To solve the equation \( \sin(3x) + \cos\left(2x - \frac{\pi}{3}\right) = 0 \), we can rewrite the equation as:

\[
\sin(3x) = -\cos\left(2x - \frac{\pi}{3}\right)
\]

### Step 1: Expand the cosine term
Using the cosine angle addition formula, we have:

\[
\cos\left(2x - \frac{\pi}{3}\right) = \cos(2x)\cos\left(-\frac{\pi}{3}\right) - \sin(2x)\sin\left(-\frac{\pi}{3}\right)
\]
Knowing that \(\cos\left(-\frac{\pi}{3}\right) = \frac{1}{2}\) and \(\sin\left(-\frac{\pi}{3}\right) = -\frac{\sqrt{3}}{2}\):

\[
\cos\left(2x - \frac{\pi}{3}\right) = \frac{1}{2} \cos(2x) + \frac{\sqrt{3}}{2} \sin(2x)
\]

### Step 2: Substitute back into the equation
Now we substitute this back into the equation:

\[
\sin(3x) = -\left( \frac{1}{2} \cos(2x) + \frac{\sqrt{3}}{2} \sin(2x) \right)
\]

Multiplying through by \(-1\):

\[
-\sin(3x) = \frac{1}{2} \cos(2x) + \frac{\sqrt{3}}{2} \sin(2x)
\]

### Step 3: Analyze both sides
This equation can be approached graphically or numerically, but one analytic method to solve would be to express \(\sin(3x)\) in terms of \(\cos(2x)\) and \(\sin(2x)\).
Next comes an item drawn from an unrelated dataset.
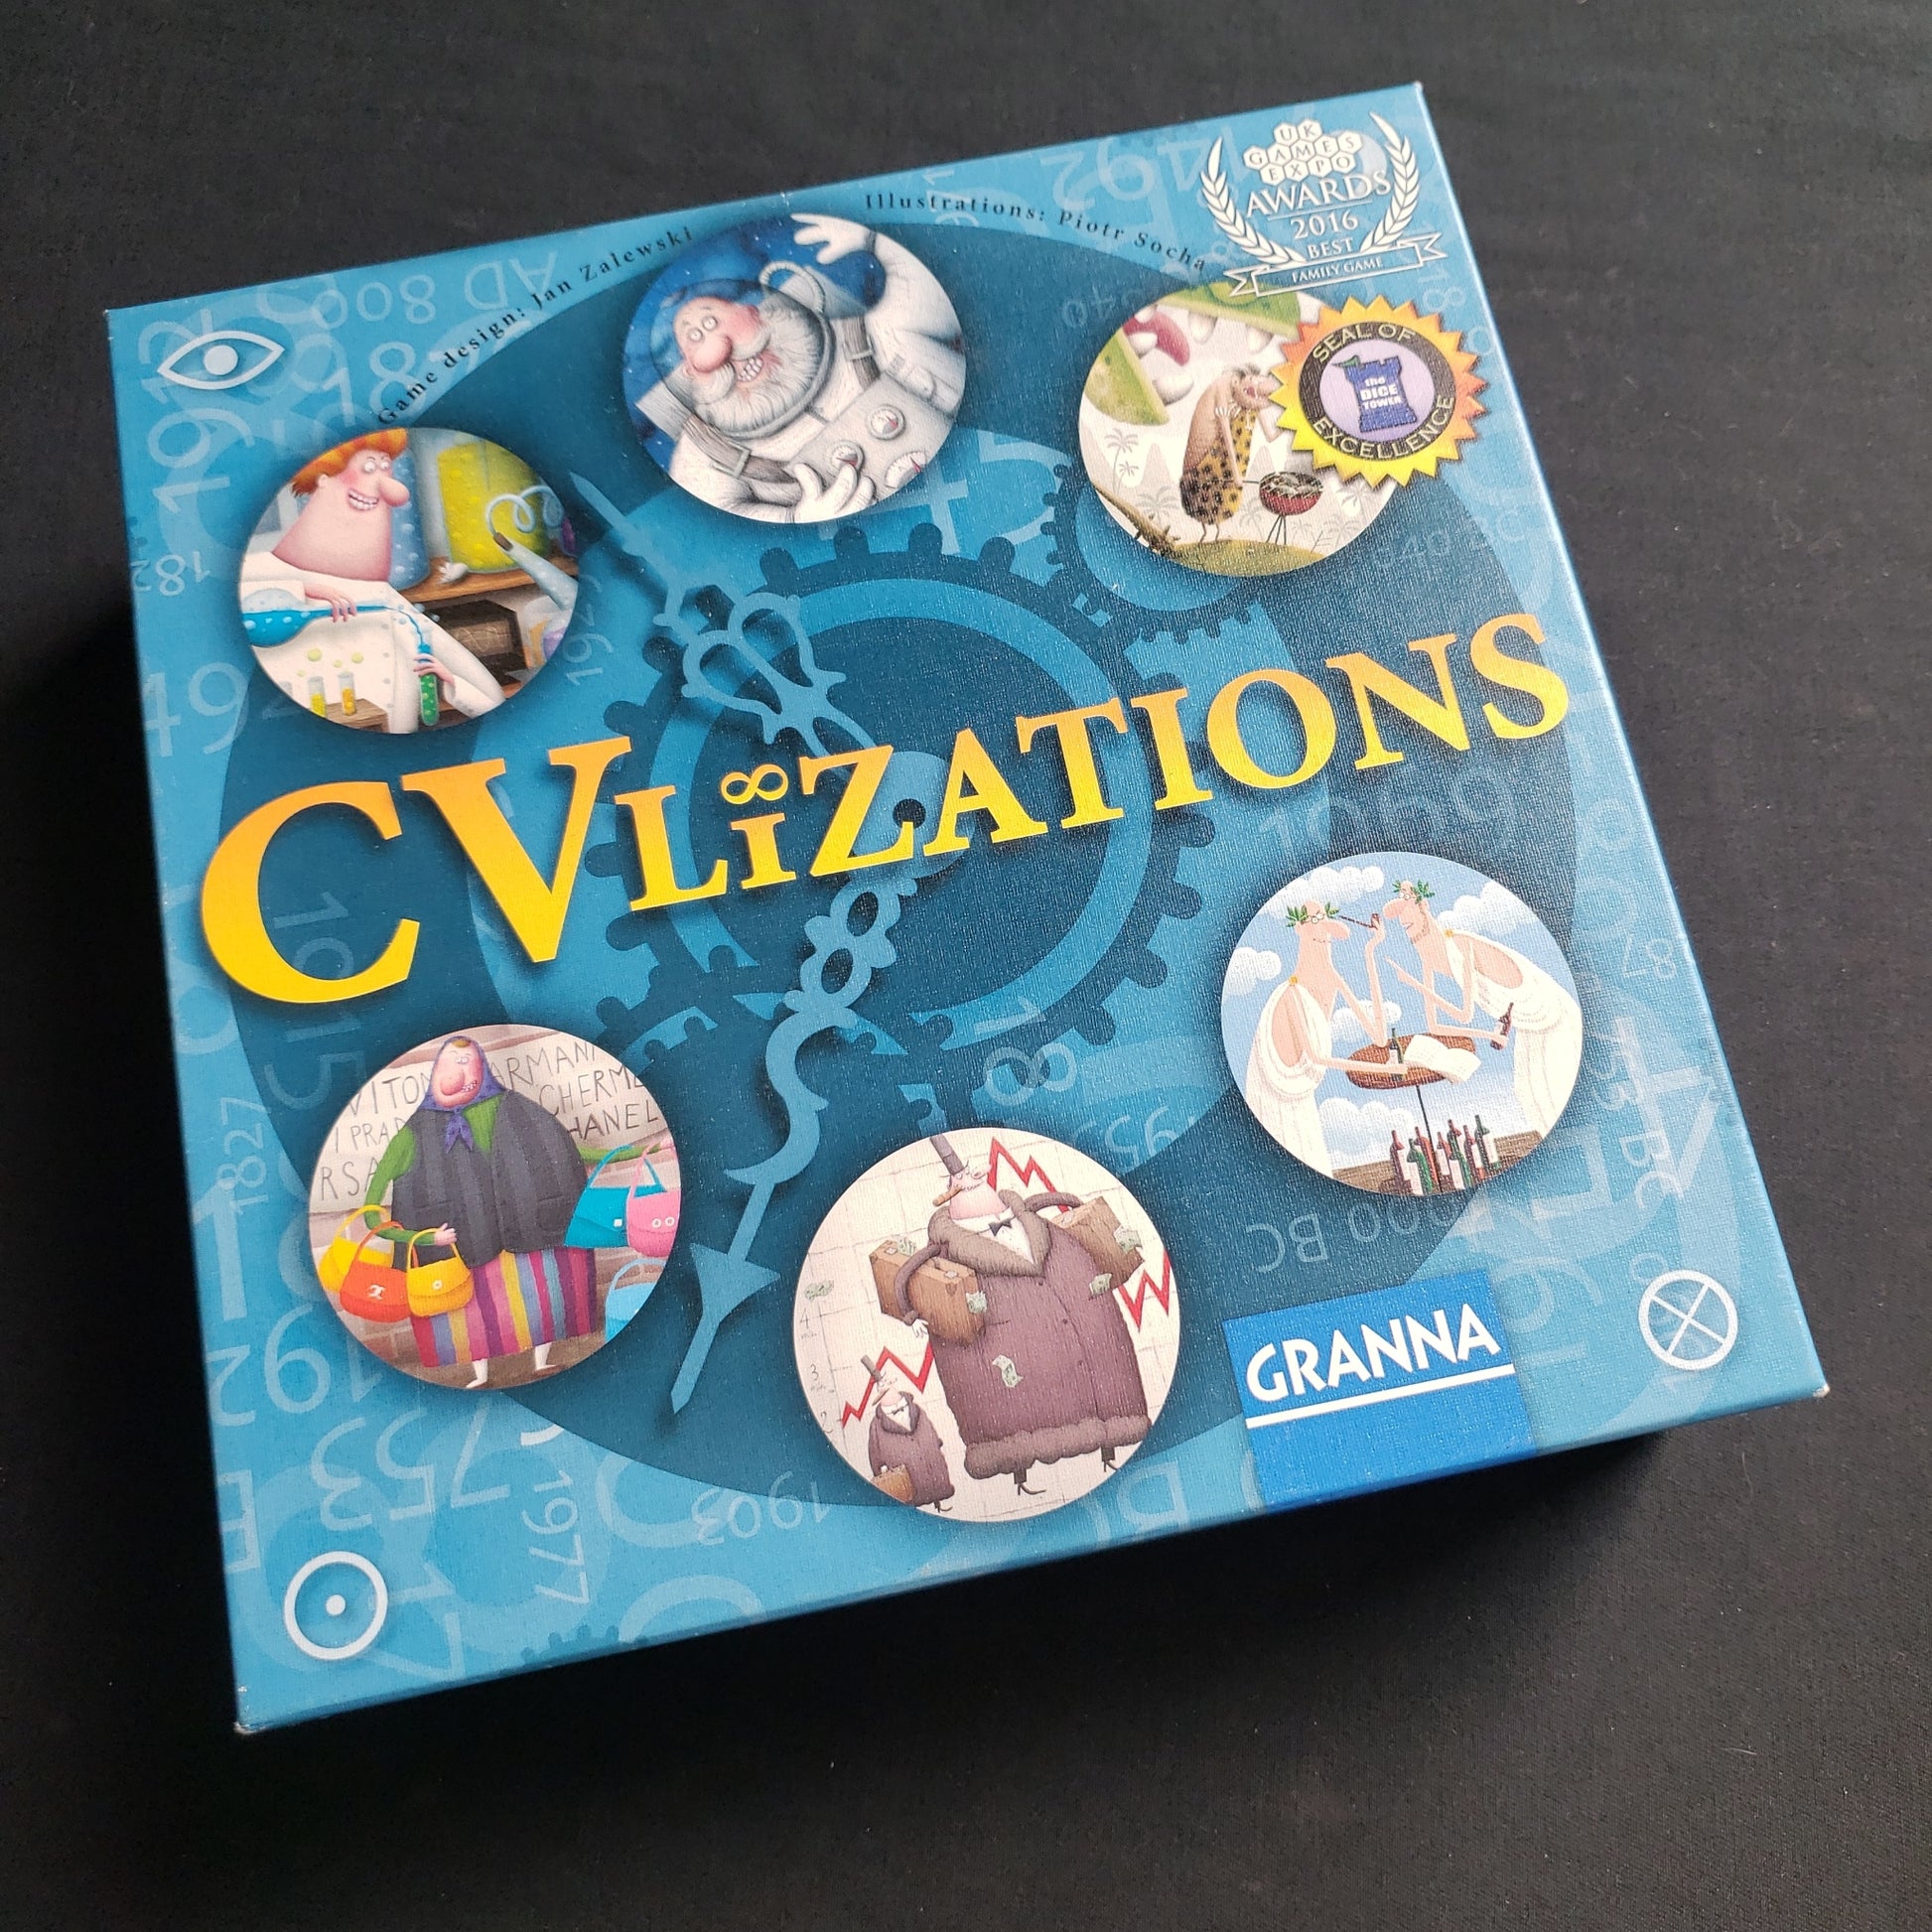 Image shows the front cover of the box of the CVlizations board game

### Step 4: Solve a simpler related equation
An alternative idea would be to seek solutions where both sides are equal to zero. One guess might be common angles.

For example, simple cases like:

- When \(3x = \frac{\pi}{2} + k\pi\) for integers \(k\)
- When \(2x - \frac{\pi}{3} = \frac{3\pi}{2} + m\pi\)

We can find \(x\) for these angles.

### Step 5: Solve for specific \(x\)

1. **From \(\sin(3x) = 0\)**

This gives:

\[
3x = n\pi \implies x = \frac{n\pi}{3}, \quad n \in \mathbb{Z}
\]

2. **From \(\cos(2x - \frac{\pi}{3}) = 0\)**

This gives:

\[
2x - \frac{\pi}{3} = \frac{\pi}{2} + m\pi \implies 2x = \frac{5\pi}{6} + m\pi \implies x = \frac{5\pi}{12} + \frac{m\pi}{2}, \quad m \in \mathbb{Z}
\]

### Conclusion
The final solutions can be obtained either numerically or graphically depending on the parity of the function involved. The solution sets would be obtained from both derived equations \(x = \frac{n\pi}{3}\) and \(x = \frac{5\pi}{12} + \frac{m\pi}{2}\).

Both families will yield solutions in the range of interest \(x \in \mathbb{R}\).

**Final results**:

\[
x = \frac{n\pi}{3}, \quad n \in \mathbb{Z}
\]
\[
x = \frac{5\pi}{12} + \frac{m\pi}{2}, \quad m \in \mathbb{Z}
\]

are the solutions to \( \sin(3x) + \cos(2x - \frac{\pi}{3}) = 0 \).